Memorável a passagem em que Cavalgada das Valquírias, de Wagner – trilha sonora dos helicópteros com alegres soldados que bombardeiam uma aldeia – transforma-se em trilha sonora do próprio filme, reproduzindo com fidelidade a atmosfera bélica vivida pelos soldados.
Na parte final do filme, Williard finalmente conhece Kurtz, parece retomar a consciência e cumpre a missão que lhe fora designada: mata o coronel. Quando sai do “templo” erguido por este, vislumbra uma multidão que, de joelhos, passa a idolatrá-lo como um novo deus, que substitui o antigo. E, novamente, surge a tentação de fazer o mesmo que Kurtz: deixar-se ser invadido pela violência inerente a todos os homens e dominar aqueles que o veneram.

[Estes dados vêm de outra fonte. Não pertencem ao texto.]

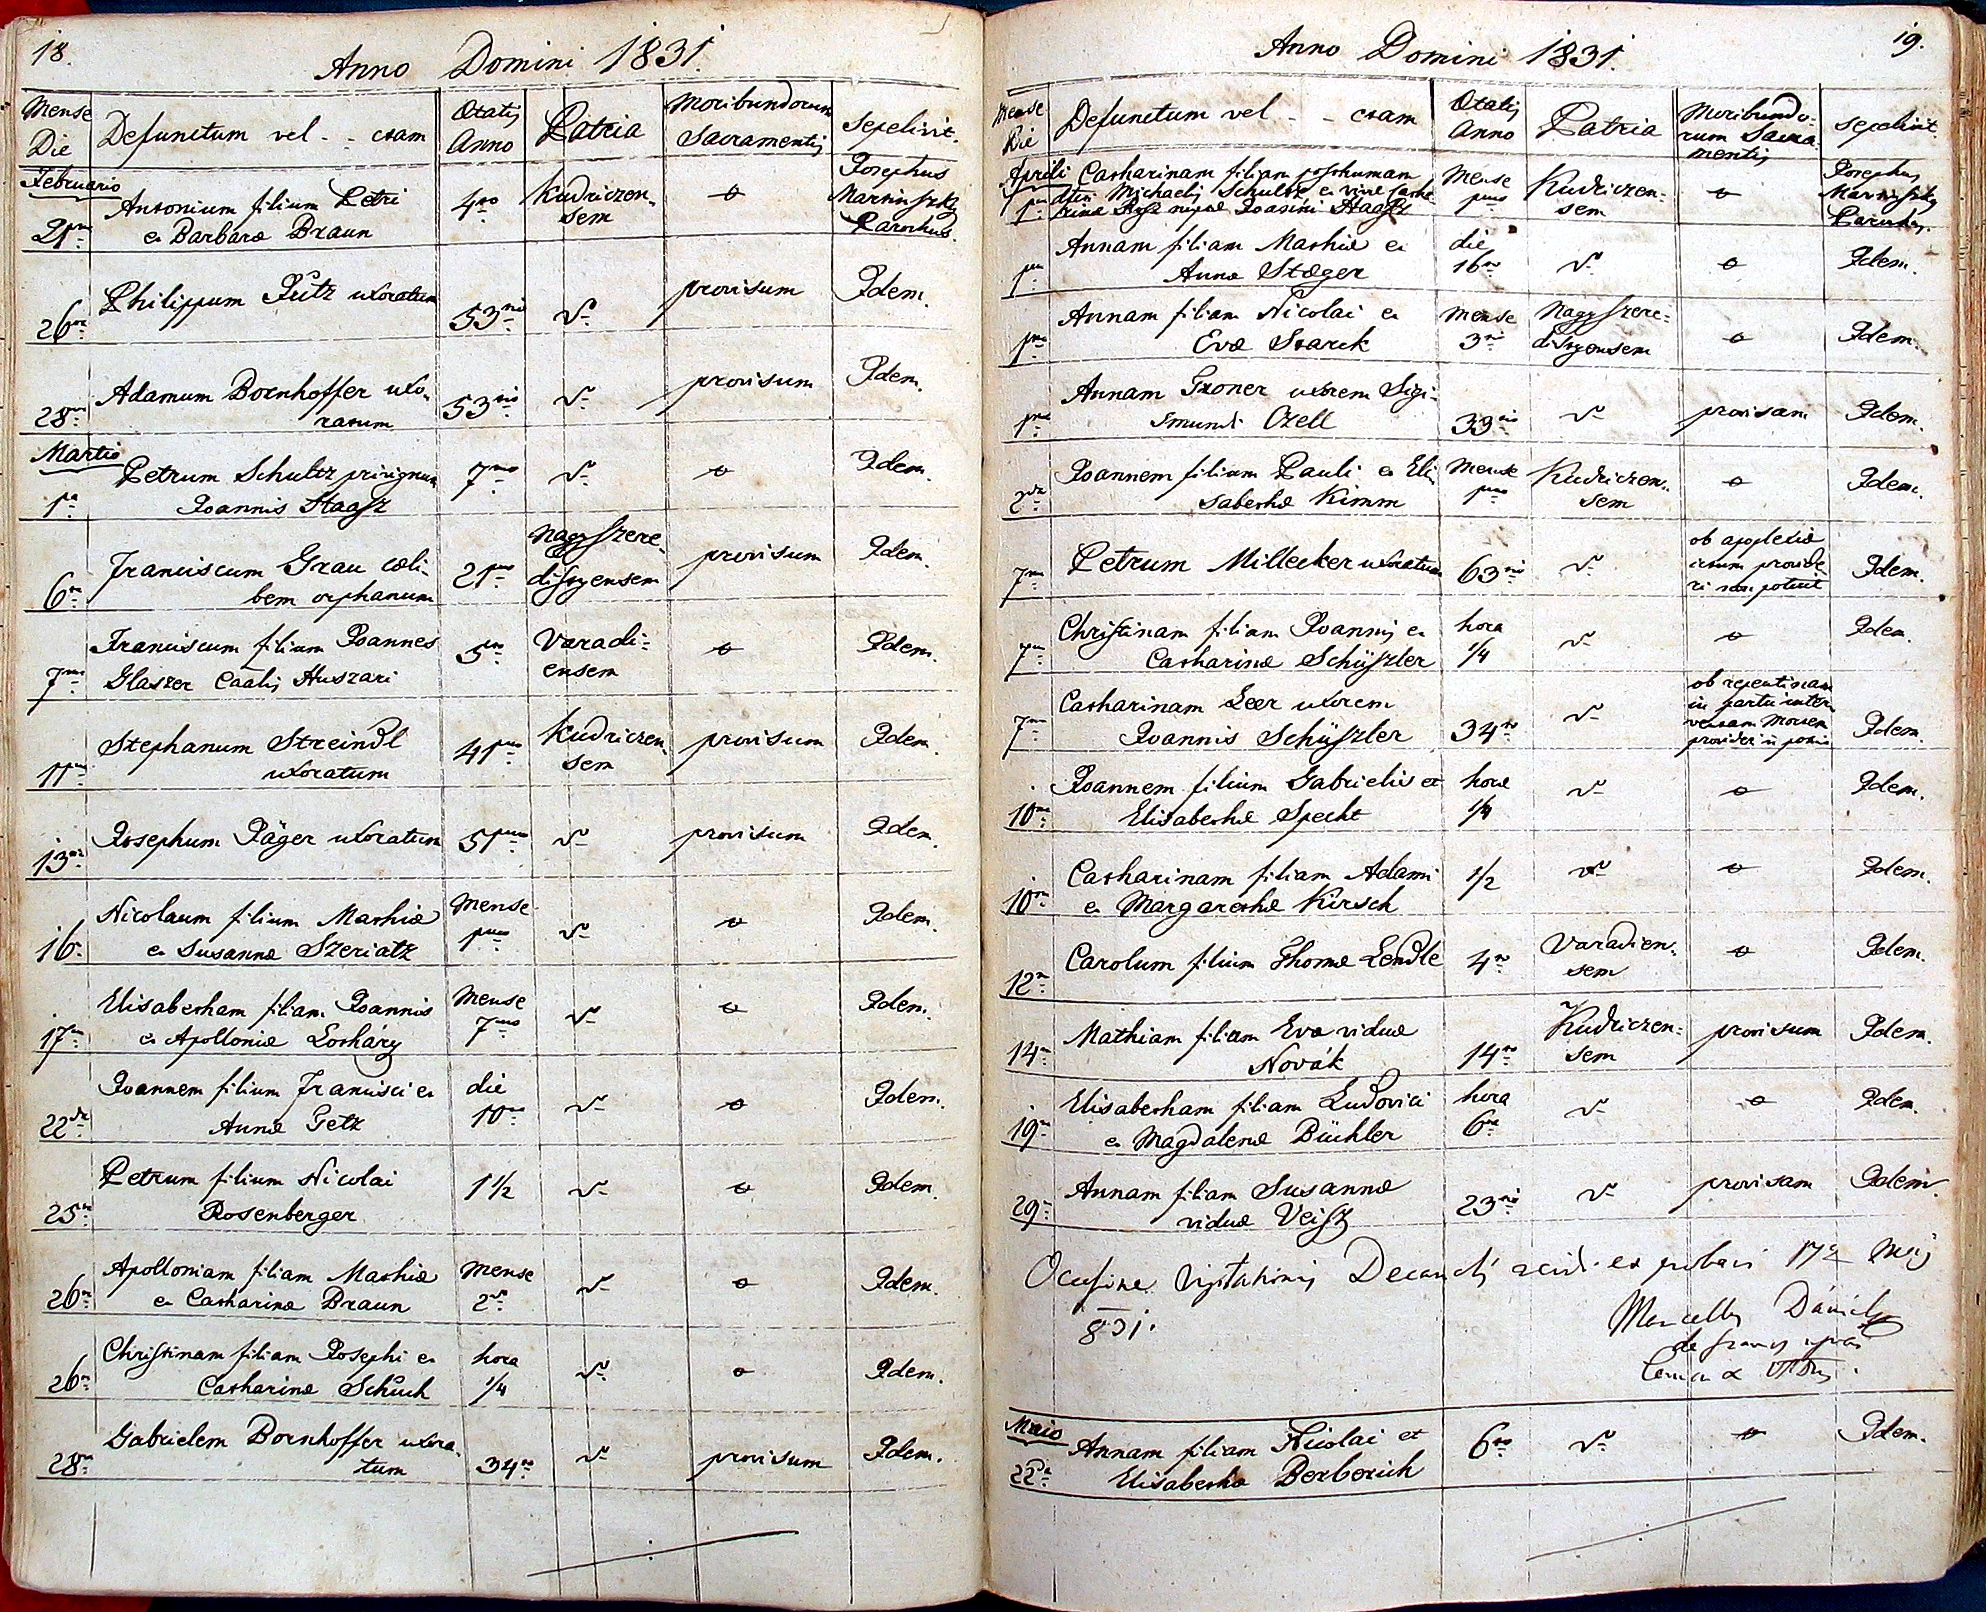 images/church_records/DEATHS/1742-1775D/018 i 019

Acusar o filme de ser chato e cansativo é fácil – basta assisti-lo como propõe uma simples sinopse: a história de um homem que precisa matar o outro durante a guerra, desce o rio de barco numa viagem interminável, e o mata. Mas basta um mínimo de senso crítico para perceber que a viagem que ele descreve é muito mais moral que geográfica.

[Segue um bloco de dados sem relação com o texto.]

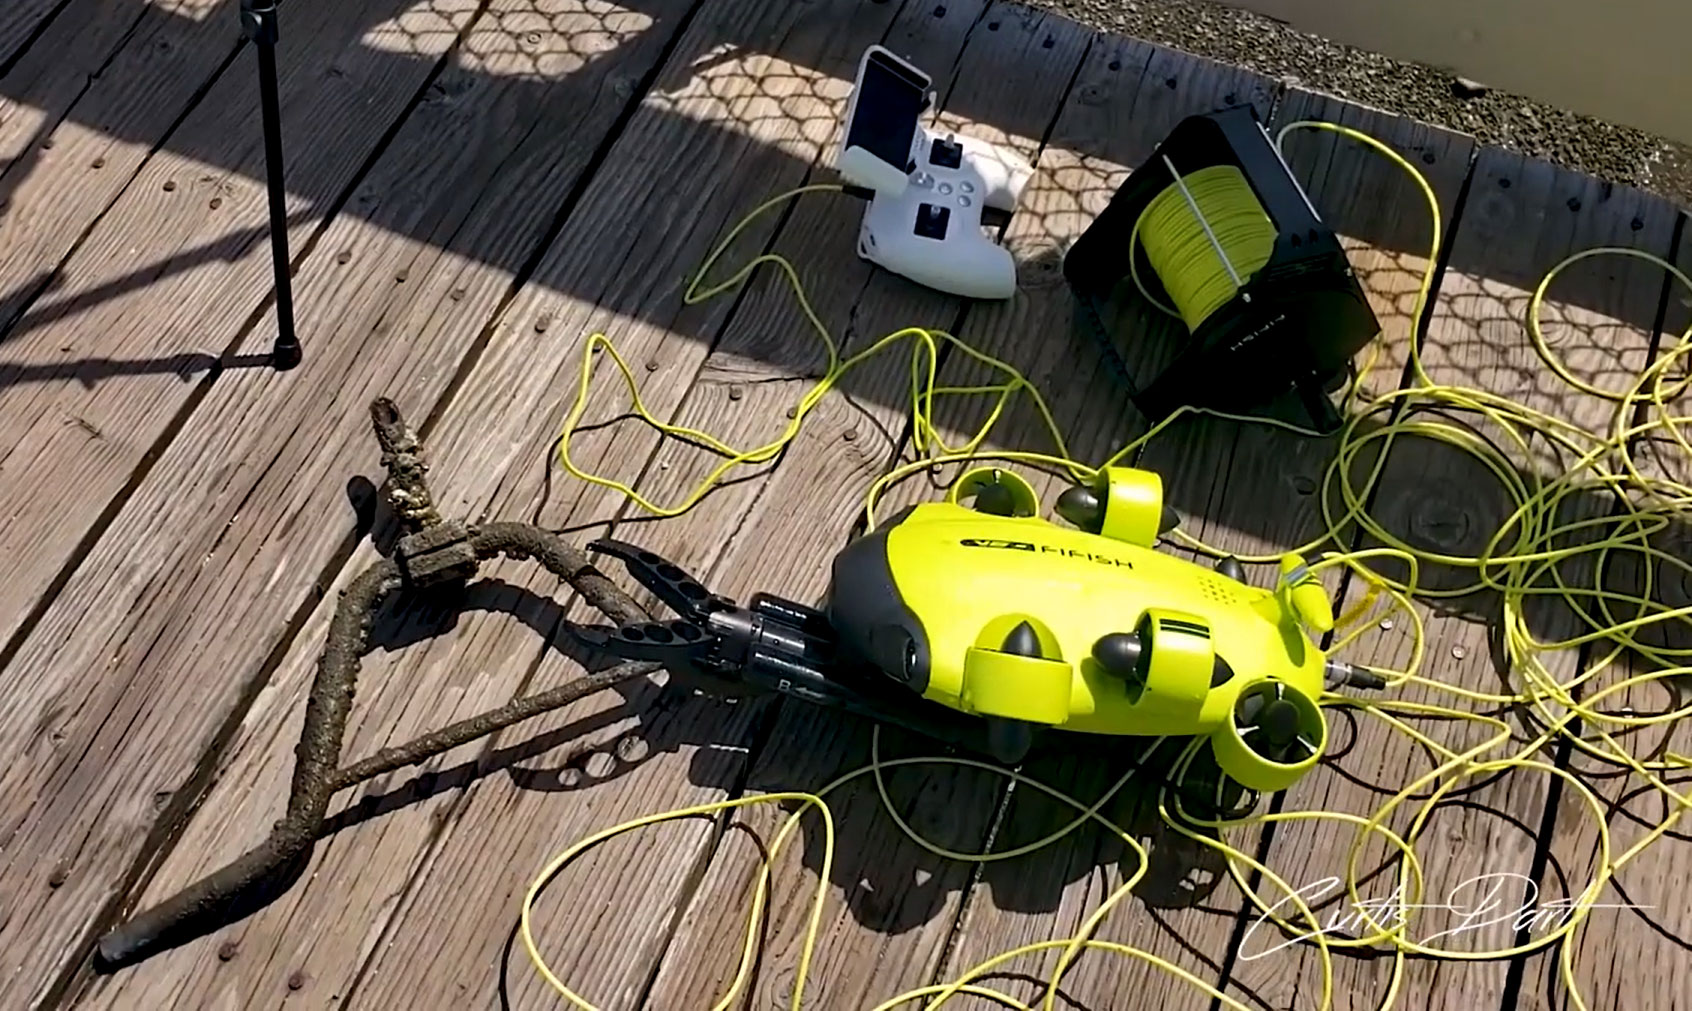 underwater-drone-claw-recovers-bicycle-handle-bars-budd-bay.jpg

Mais interessante ainda é conhecer seus bastidores e perceber que é praticamente a história de um quase apocalipse real, o do próprio Coppola. As filmagens deveriam durar seis semanas, mas se estenderam por 16 intermináveis meses, graças a um furacão que destruiu todos os sets de gravação. Marlon Brando, 45 quilos acima do peso e mais rabugento que nunca, ameaçou abandonar tudo e exigiu ser filmado somente de longe ou nas sombras, para esconder a barriga. O ator Martin Sheen teve um ataque cardíaco. Os 32 milhões de dólares inicialmente previstos para a produção se esgotaram logo, o que quase impossibilitou o fim de um projeto que já tinha mais de dez anos (em 1969, o estúdio procurado não aceitou o roteiro de Coppola, alegando inexperiência do diretor). O diretor por várias vezes ameaçou o suicídio e, tomado pela loucura, transformou-se praticamente num coronel Kurtz real. A montagem durou quase dois anos, graças ao seu perfeccionismo.
Mas o filme saiu. Tão perfeito que a versão Apocalipse Now Redux (1979/2001), que acrescentou diversas cenas extras, algumas divertidas, outras desnecessárias, só provou que a original já era suficiente, definitiva. A obra-prima de um Francis Ford Coppola mais doente e inspirado que nunca.